Wednesday, May 2

War of the Words

Time magazine reports that politicians on both side of the aisle are retiring Global War on Terror (GWOT) from their sound-bite vocabularies because it is so closely connected to the the Bush administration's failing foreign policy and does not accurately reflect what is going on with respect to the war we are actually waging in Iraq. We have to, pardon the expression, redefine the "terror-tory."

A quick walk down memory lane reminds me that wars on or against anything seldom seem to have the intended outcomes that were expected by their slogan-minters. Reagan, Bush, Clinton's War against Drugs and Johnson's War on Poverty did not rid the country or the world of either of those two things. World War I certainly did not prevent World War II. The Six Day War certainly has not prevented subsequent much longer in duration upheavals in the Middle East.

Recently John Edwards at the South Carolina Democratic Debate did not raise his hand when Brian Williams asked "Show of hands question: Do you believe there is such a thing as a global war on terror?"

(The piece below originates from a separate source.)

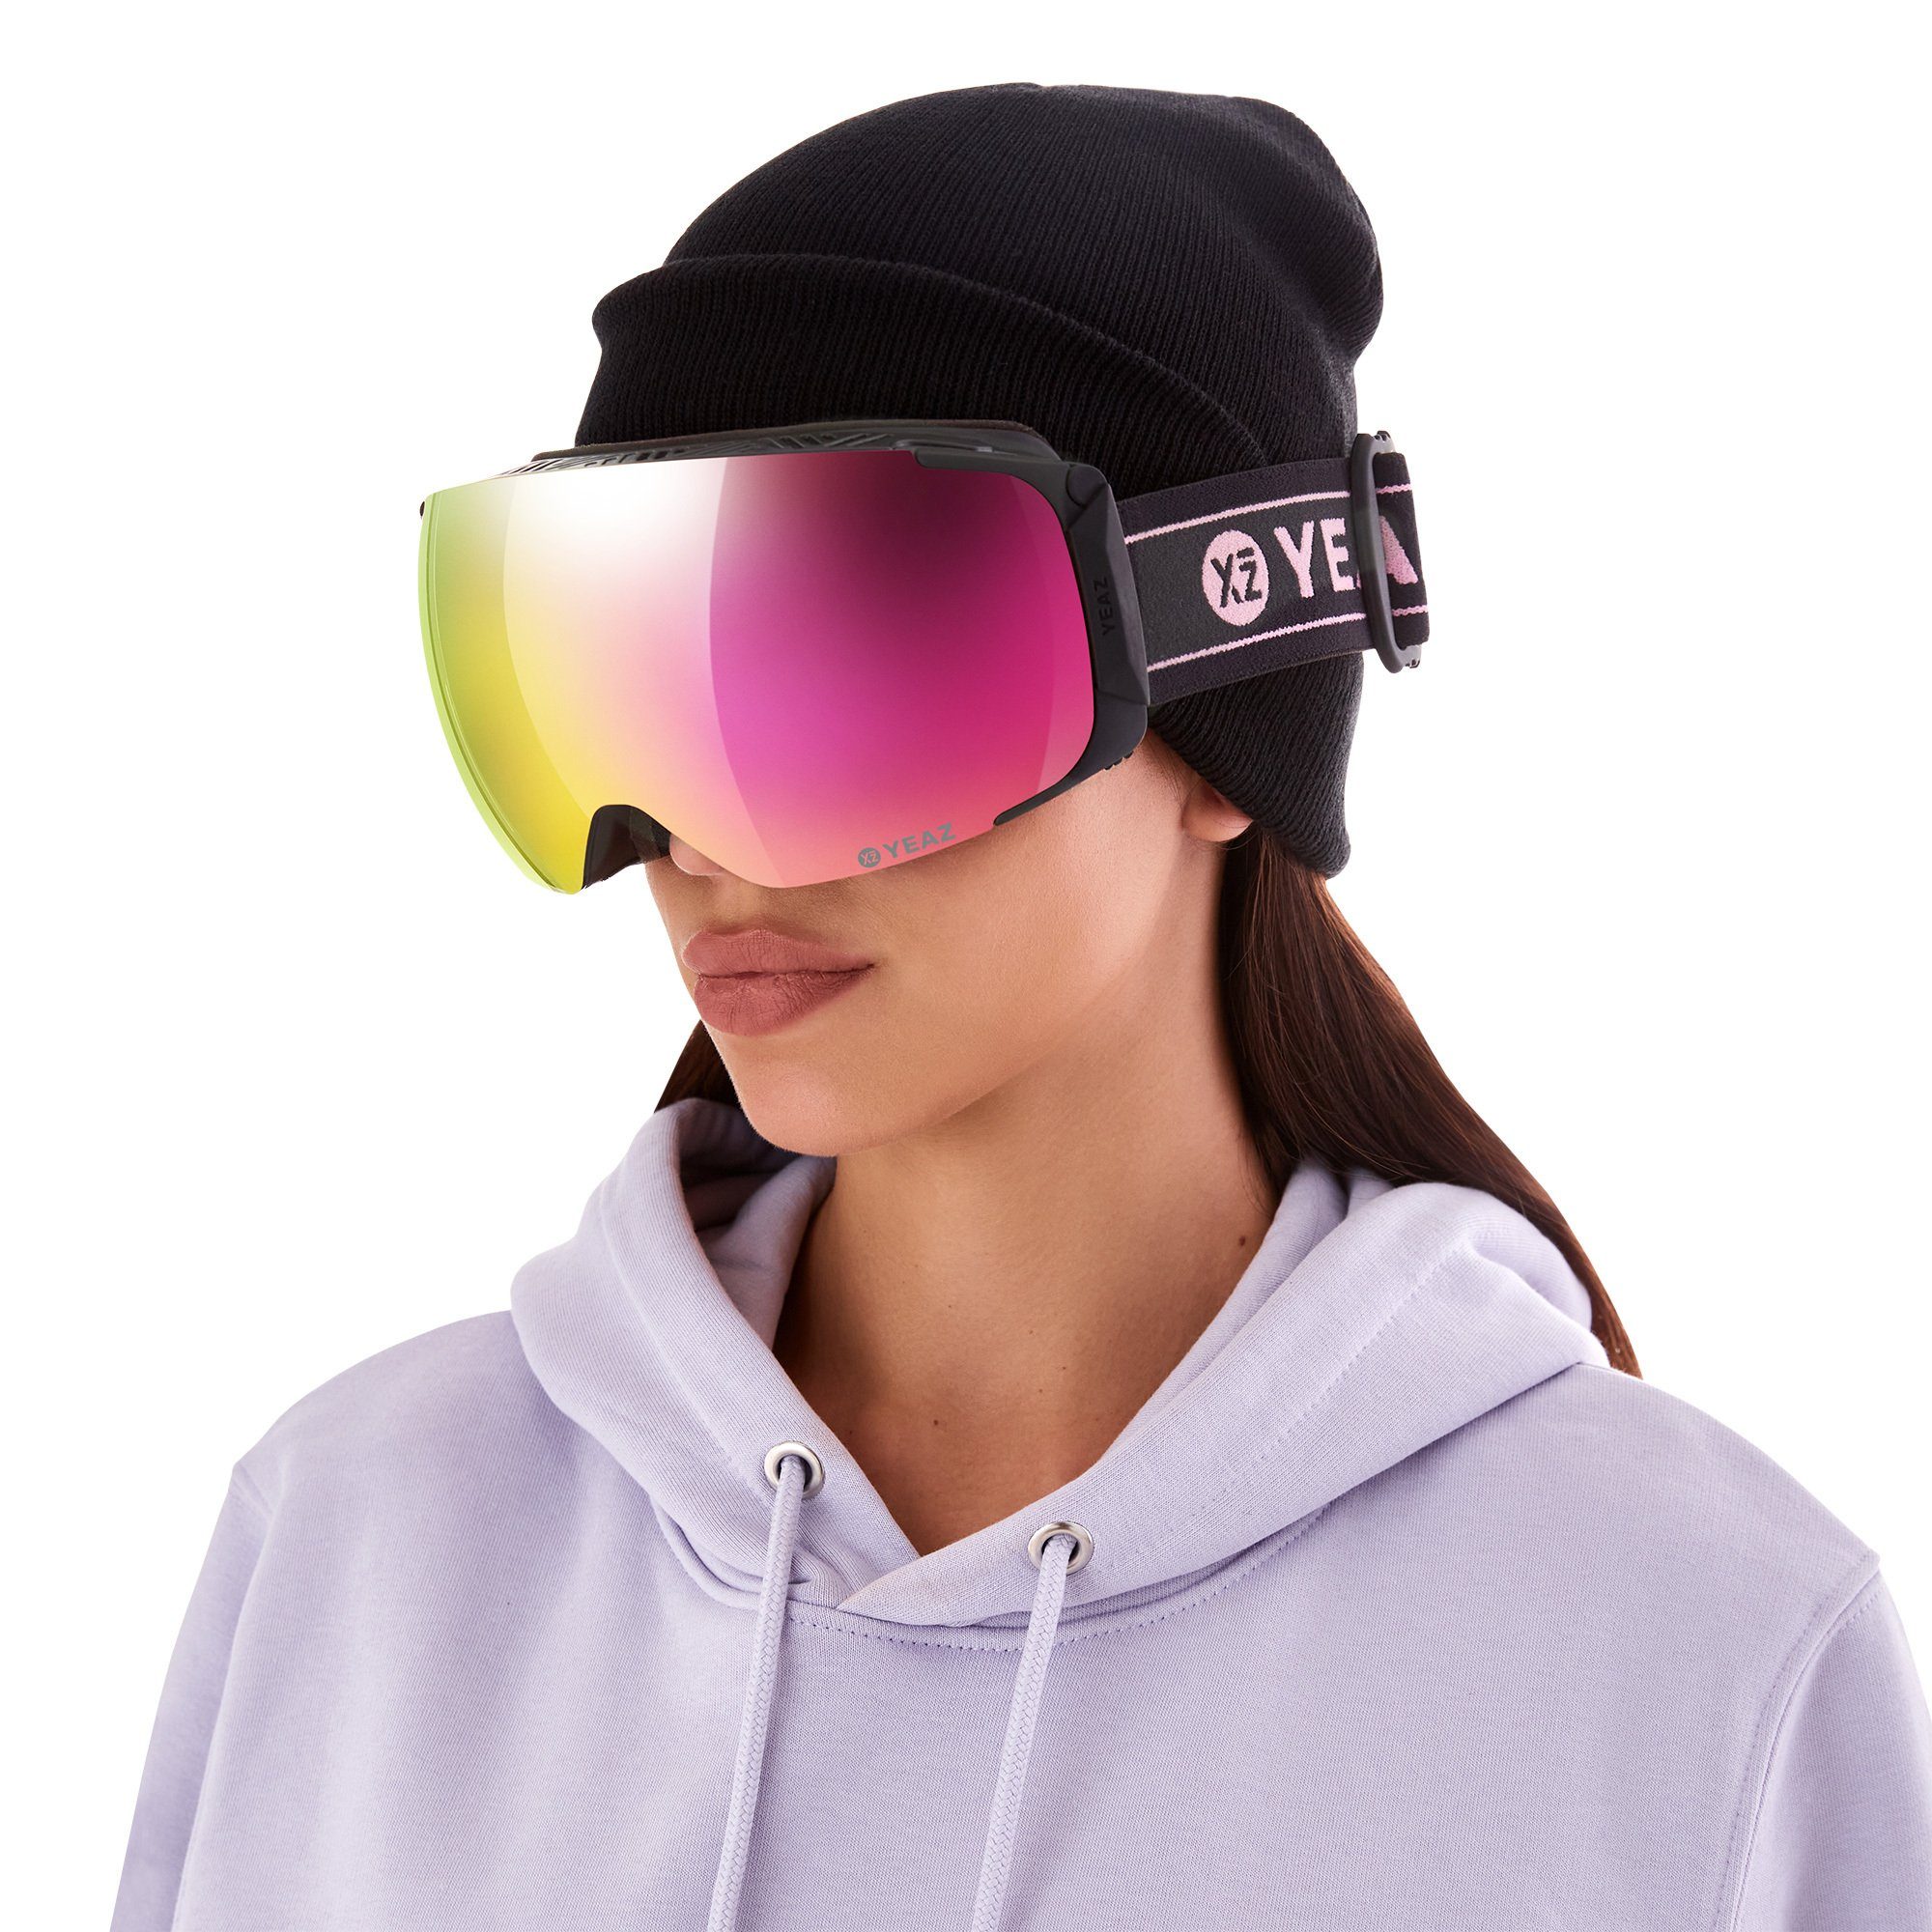 YEAZ Skibrille TWEAK-X ski- Premium-Ski- für Erwachsene snowboard-brille, und und Snowboardbrille und Jugendliche

Edwards is quoted in the Time article as saying "This political language has created a frame that is not accurate and that Bush and his gang have used to justify anything they want to do. It's been used to justify a whole series of things that are not justifiable, ranging from the war in Iraq, to torture, to violation of the civil liberties of Americans, to illegal spying on Americans. Anyone who speaks out against these things is treated as unpatriotic. I also think it suggests that there's a fixed enemy that we can defeat with just a military campaign. I just don't think that's true."

What is true is that there are very bad people in the world doing very bad things for very bad reasons. The problem for our politicians and for us is: we can't say our country isn't part of the problem. When we say we need to put more missiles aka "weapon systems" in Eastern Europe and add new and improved nuclear warheads aka "Reliable Replacement Warheads" to our arsenal, it doesn't sound like the US government is solving the problem of global terror, particularly if you live in a country that might be on the receiving end.

Tracy Chapman said, "why are our missiles called 'peacekeepers' when they aimed to kill?" We need a new vocabulary that does not refer to killing innocent people as "collateral damage" and invading or bombing a sovereign nation as a "pre-emptive strike." Most importantly we should not call our feelings of helplessness and fear -- "supporting the troops." There is a global war of terror, but the terror is largely within each of us.

This is the war we should be fighting and it is the only one that can be won by peaceful means.